(Exercise data)

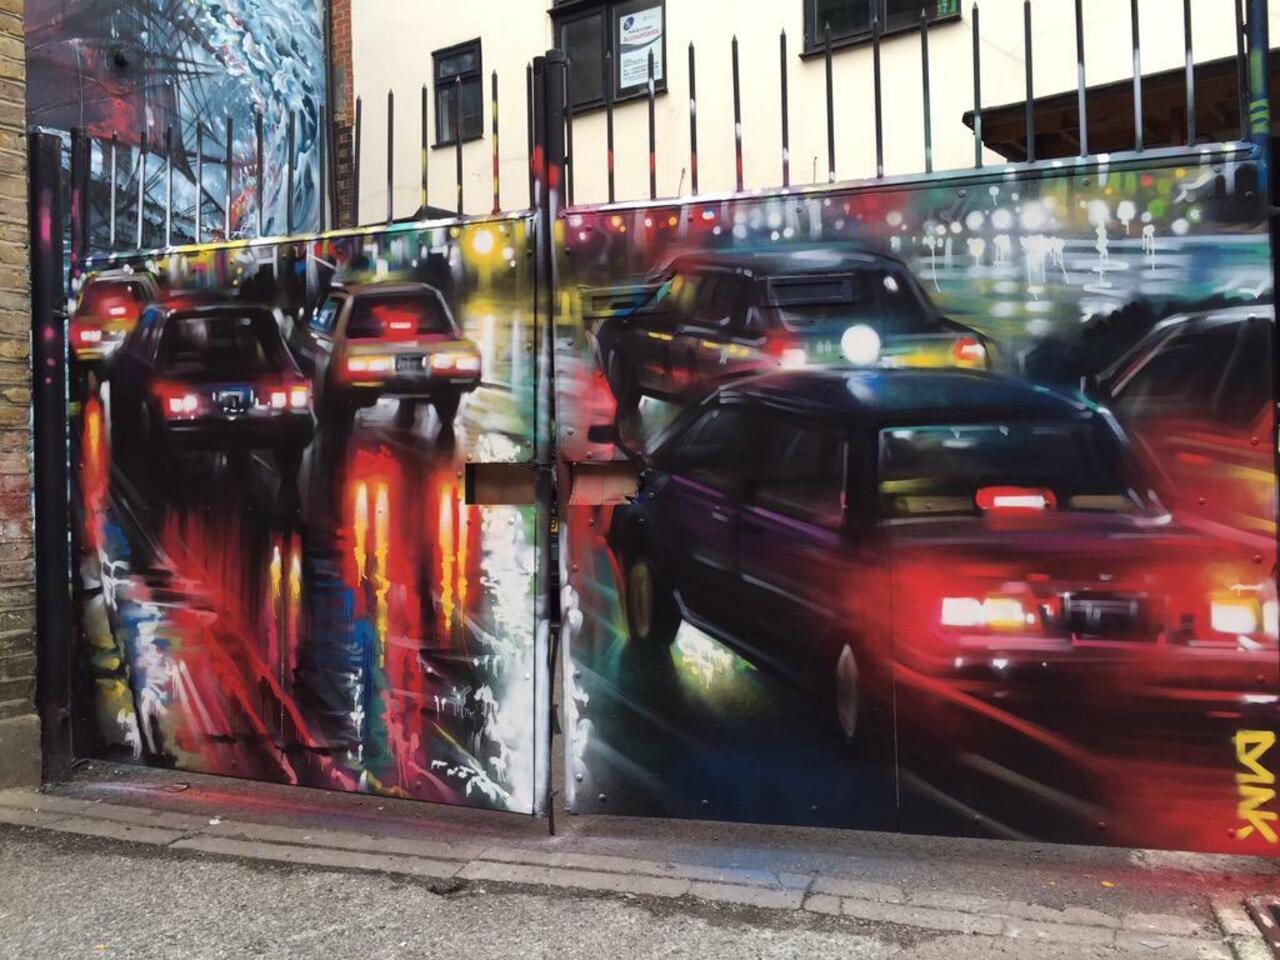 New Street Art by DanKitchener in Brick Lane London 

#art #graffiti #mural #streetart http://t.co/uobhdwjDKd
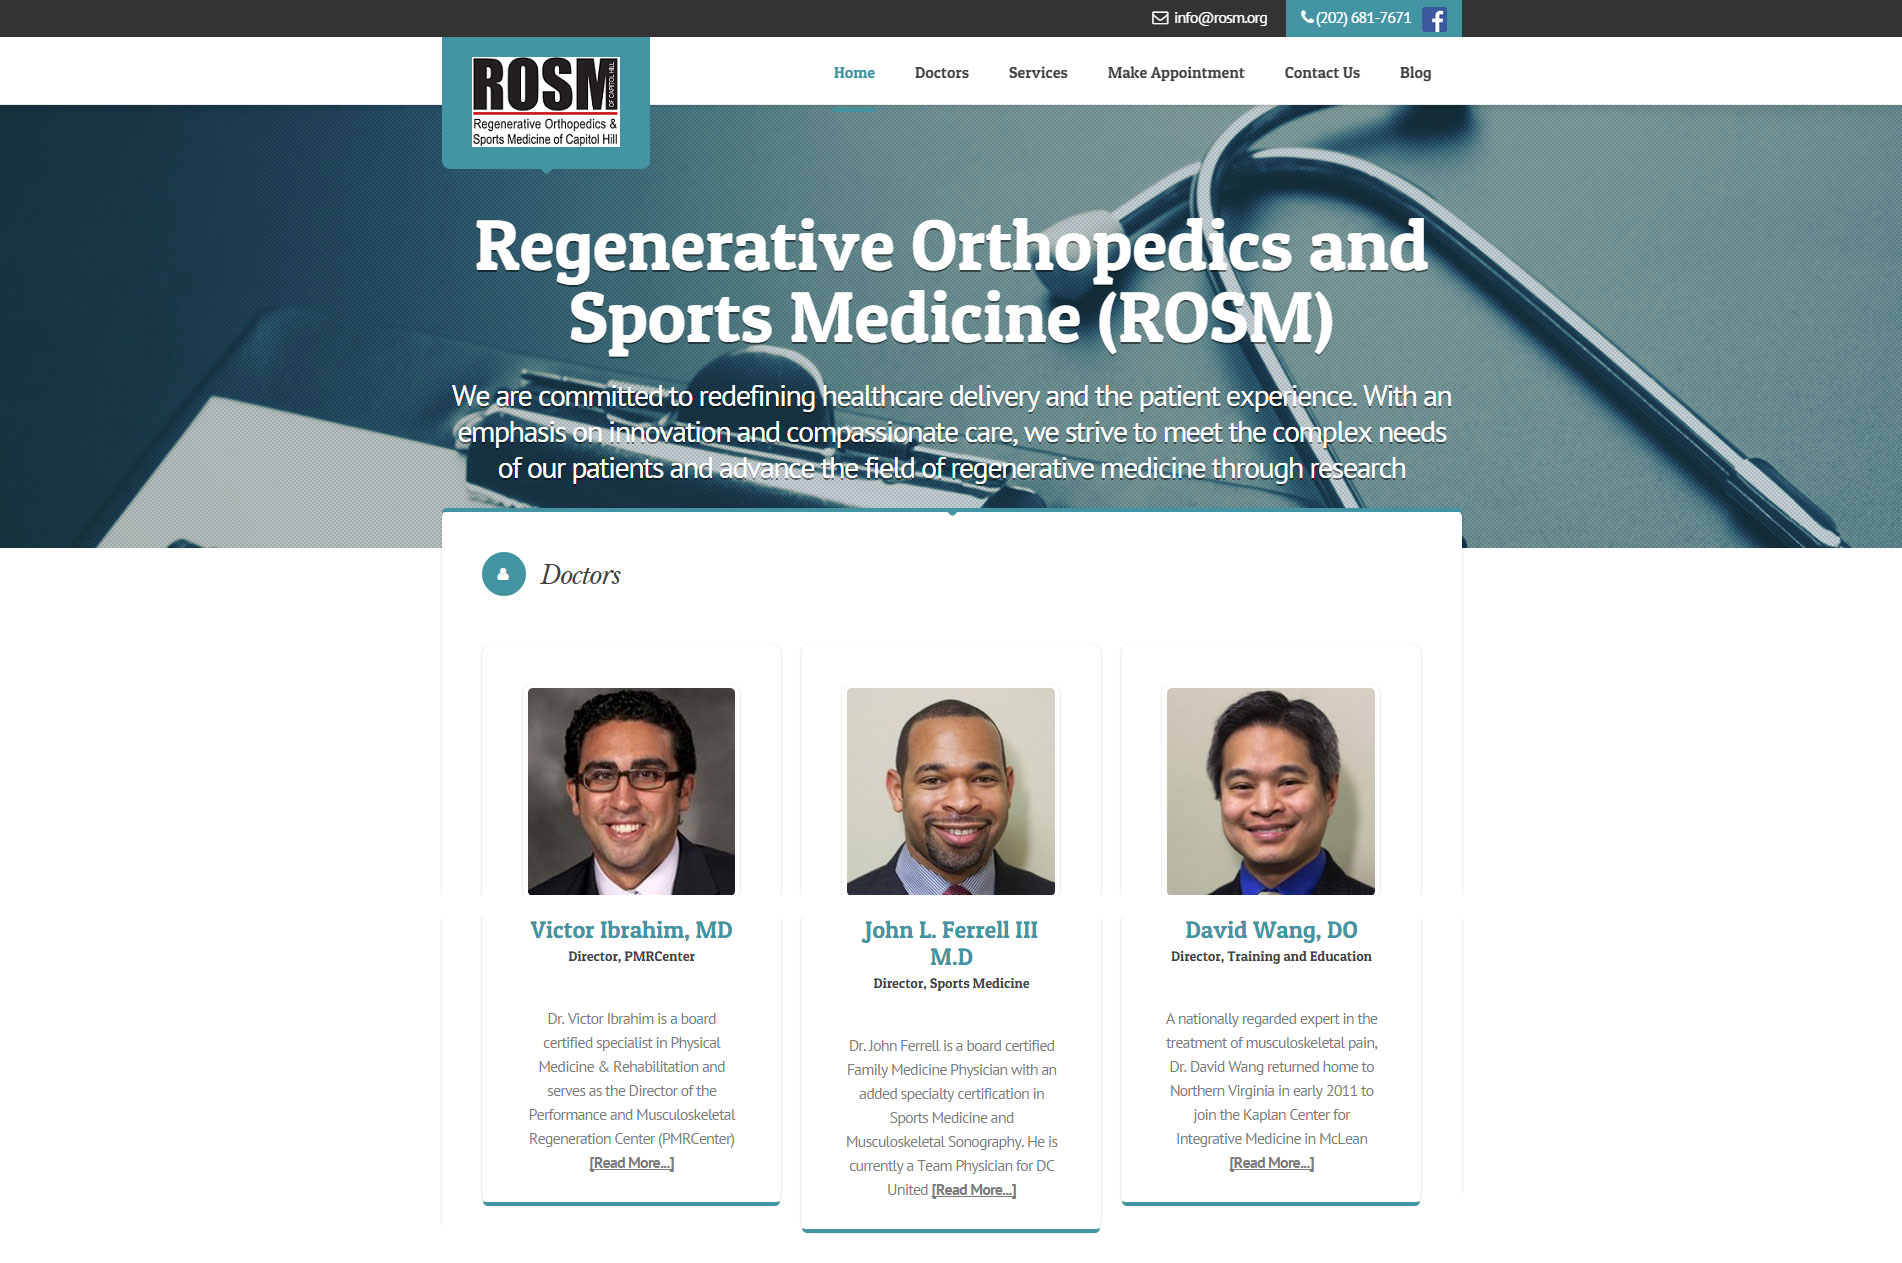 rosm doctors page

(End Exercise data)

What you have to do = Would you reproduce the lines above exactly, without carrying over the pictures?

Answer =
 New Street Art by DanKitchener in Brick Lane London 

#art #graffiti #mural #streetart http://t.co/uobhdwjDKd
 rosm doctors page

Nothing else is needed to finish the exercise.